AI-powered audio-to-note conversion allows guitar and bass performances to be translated into MIDI for editing and orchestration, alongside intelligent chord tools aimed squarely at songwriting rather than novelty. Workflow has also been refined, with a cleaner visual design, a Channel Overview for faster mixing decisions, and updated samplers including Sample One and Impact.

Crucially, Fender Studio Pro does not exist in isolation. It is designed to pair seamlessly with new Fender-branded hardware, including the Fender Quantum Series interfaces and Fender Motion controllers. The intent is clear, a coherent end-to-end environment where instruments, software, and hardware speak the same language.
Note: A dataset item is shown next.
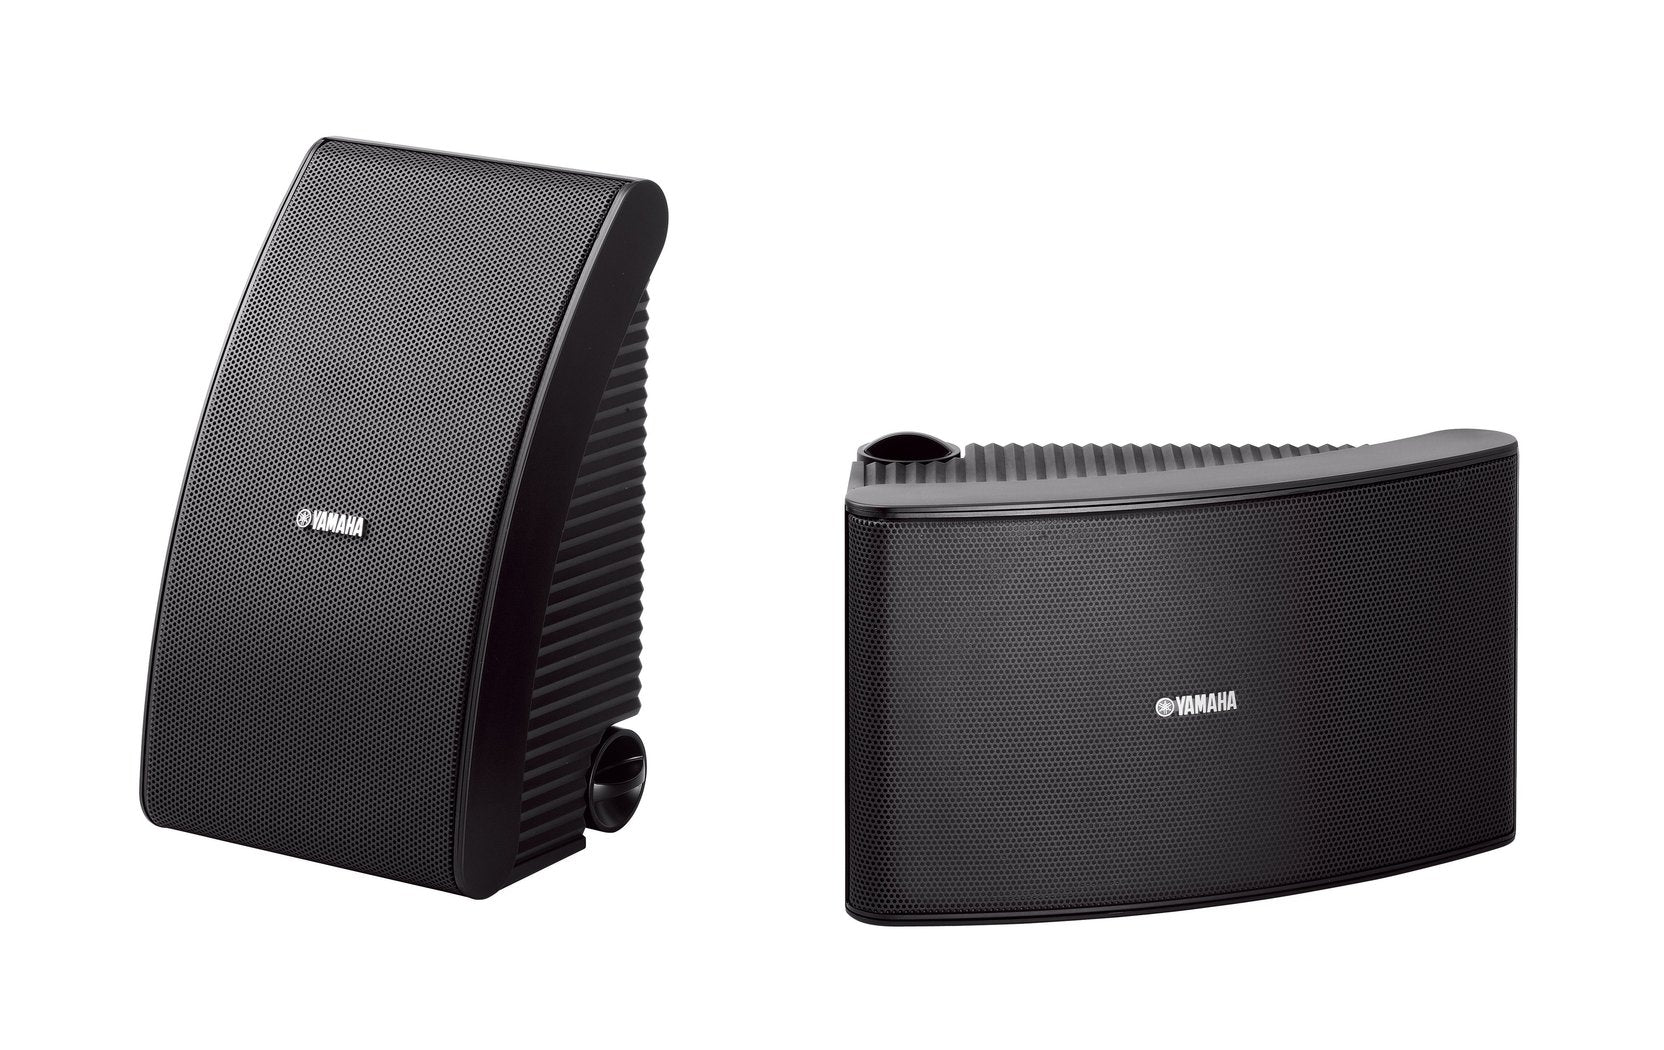 Yamaha NS-AW592 pair of outdoor speakers

Hanging out with Matt and seeing this ecosystem come together, it was obvious Fender is not trying to replace anyone’s workflow. They are trying to support it from the very first note.

Closing Thoughts

By the end of Day One at NAMM, a clear thread had emerged. The most compelling moments were not about novelty or volume. They were about clarity, trust, and long-term thinking.

From SSL evolving the 4K lineage with ORIGIN EVO, to Wolff Audio refining console thinking into modular tools that stay transparent when you need them, to Dirk Ulrich placing Manley and Apogee into genuinely caring hands, to IK Multimedia solving low-end monitoring properly, the goal was the same.

Remove friction. Preserve musical intent. Help engineers make better decisions faster.

 

And somewhere between all of that, from SSL to Wolff, IK to Manley, Apogee, Fender, and Elysia quietly reminding us how forward-thinking analogue should still feel, it was reassuring to be reminded why we fell in love with recording in the first place, careful listening, thoughtful tools, and the joy of making music properly.

Have a marvellous time recording and mixing.